If you have never read his work, do so…”The Odyssey of Homer.


----------



## InstituteMan

The thing is, the entire publishing industry is changing faster than anyone imagines. I'm not sure what comes next, but I'm pretty sure it won't look like what we are used to. I suspect that's all to the good for those of us who aren't established, but it's also no guarantee that I or anyone else will succeed (whatever that means).


----------



## Apex

InstituteMan said:


> The thing is, the entire publishing industry is changing faster than anyone imagines. I'm not sure what comes next, but I'm pretty sure it won't look like what we are used to. I suspect that's all to the good for those of us who aren't established, but it's also no guarantee that I or anyone else will succeed (whatever that means).
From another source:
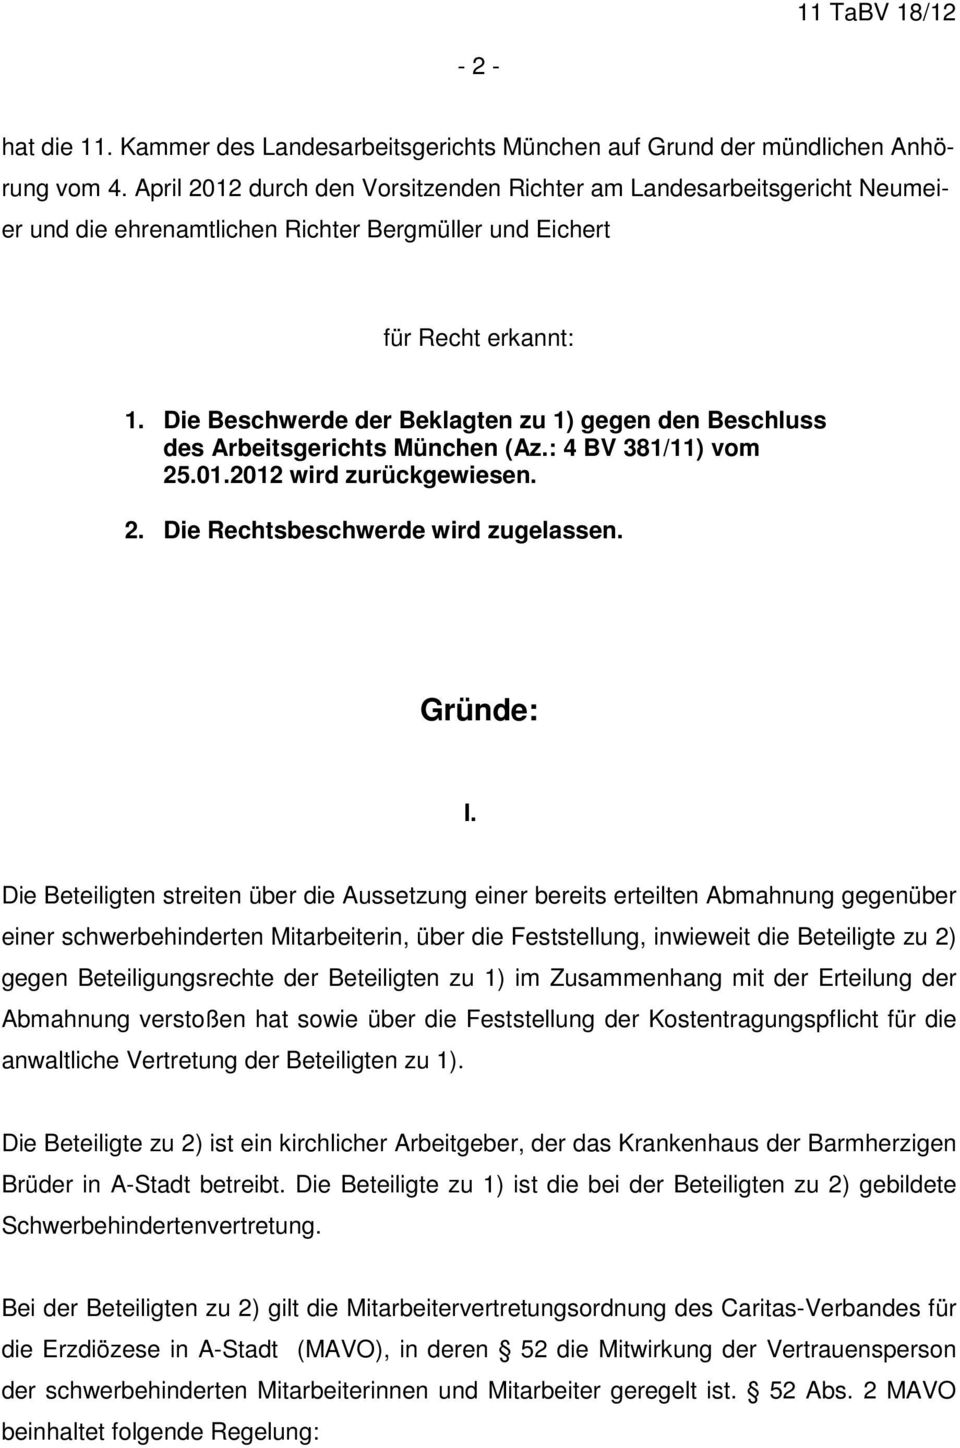 Die Beschwerde der Beklagten zu 1) gegen den Beschluss des Arbeitsgerichts München (Az.: 4 BV 381/11) vom 25.01.2012 wird zurückgewiesen. 2. Die Rechtsbeschwerde wird zugelassen. Gründe: I.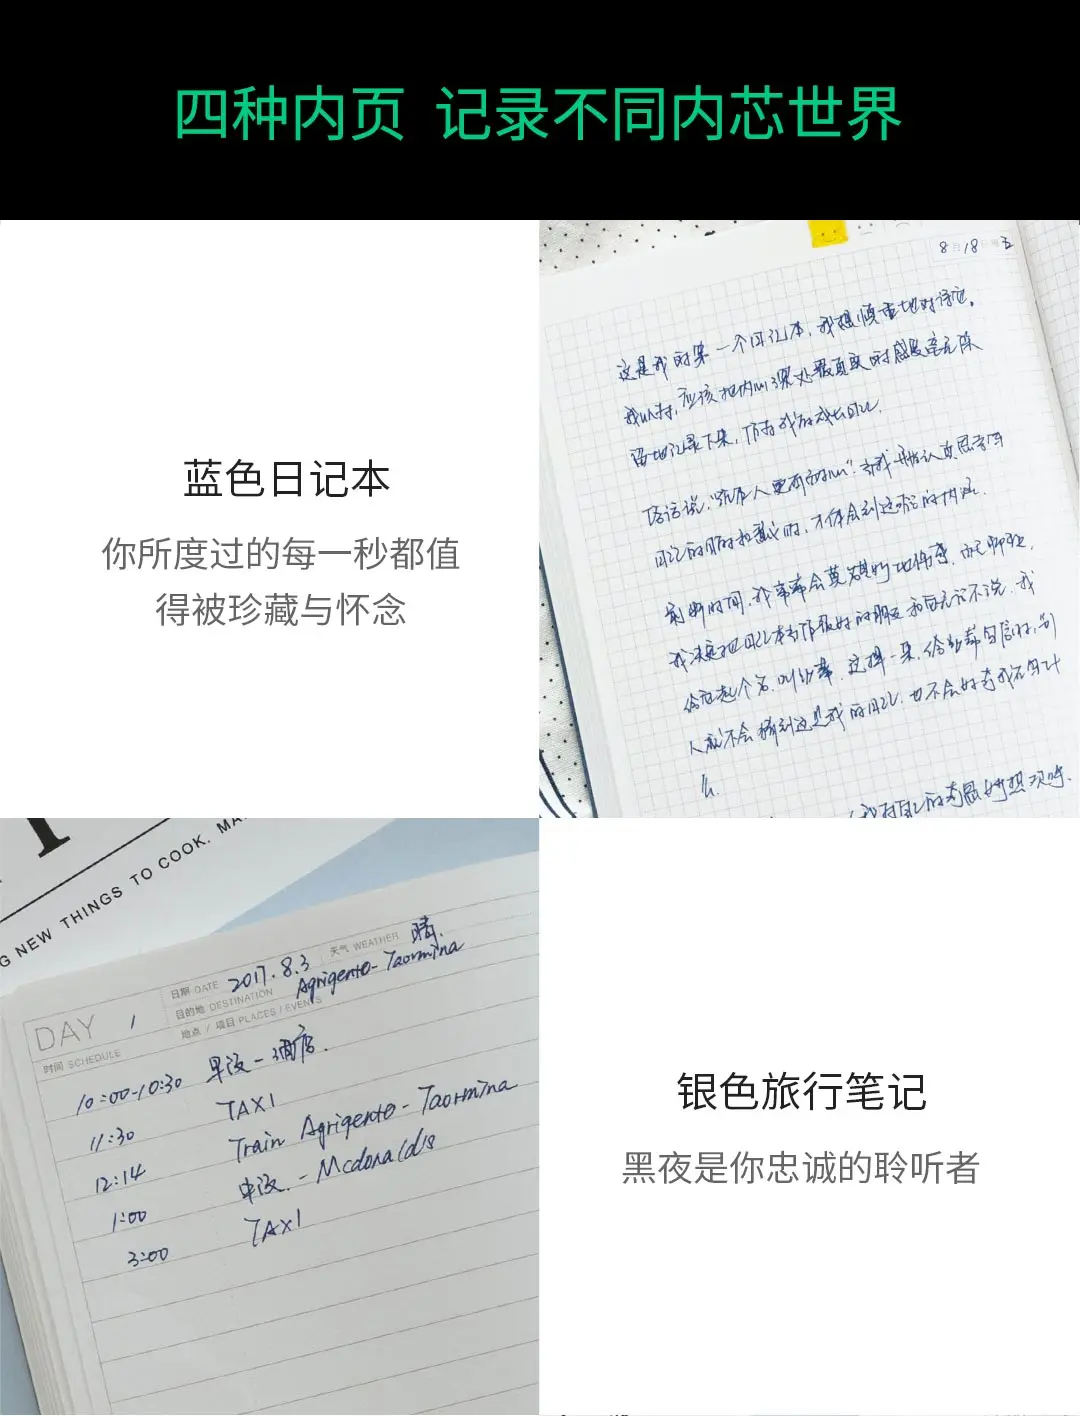 Xiaomi B6 Тетрадь дневной свет книга обратно мы положим изделия в 4 разных внутренние страницы Тетрадь дневник блокнот для записей, офисные

Yes it is changing...for the good. In the past there were thousands of little book stores. Big money came in, and ran the little guys out of business. These money hogs, once they had the market, they would only buy from publishers on contract. Books that did not sell within xxxdays, the publisher had to buy back...that hurt publishers. Used book stores started poping up. These usednbook stores buy these buy back books from publishers. That started to hurt the big stores. If you have watched, the big book stores have started going out of business...they are starting to sell coffee, and other junk trying to hold onto customers. The little stores are coming back strong. The harder it is for folks to make money, the more they look to save. Yes the industry is changing...it's going back to what it used to be. Good times are around the corner. The big money will look for other fields to make money. Once the little guy is back in control, and publisher do not have to buy books back...Those who have trained to write good stories will again be in demand...Yes, the industry is changing.


----------



## shadowwalker

The industry has been changing for decades. Some changes have been good for writers, some not. There isn't an industry in the world that's 100% good for the worker bees.

As to trade versus self, yes, sometimes it can take a couple years to get from acceptance to bookstore, but I've learned patience over the past 60 years so that doesn't bother me. I'm not at all interested in being a publisher, or dealing with all that entails. JMO, and no disrespect to your opinion, Terry, but time should be the last reason for self-publishing. I think too many writers get impatient and self-publish before they or the book are ready. They don't understand the time and money and stress it will cost them to do it right; they just don't want to wait 2 years to see their book out there. So it takes two years - I'm going to be writing during that time, not trying to figure out how to get reviews or convincing the local bookstore to stock it or trying to come up with the money for a good, commercial cover.


----------



## dale

shadowwalker said:


> The industry has been changing for decades. Some changes have been good for writers, some not. There isn't an industry in the world that's 100% good for the worker bees.
> 
> As to trade versus self, yes, sometimes it can take a couple years to get from acceptance to bookstore, but I've learned patience over the past 60 years so that doesn't bother me. I'm not at all interested in being a publisher, or dealing with all that entails. JMO, and no disrespect to your opinion, Terry, but time should be the last reason for self-publishing. I think too many writers get impatient and self-publish before they or the book are ready. They don't understand the time and money and stress it will cost them to do it right; they just don't want to wait 2 years to see their book out there. So it takes two years - I'm going to be writing during that time, not trying to figure out how to get reviews or convincing the local bookstore to stock it or trying to come up with the money for a good, commercial cover.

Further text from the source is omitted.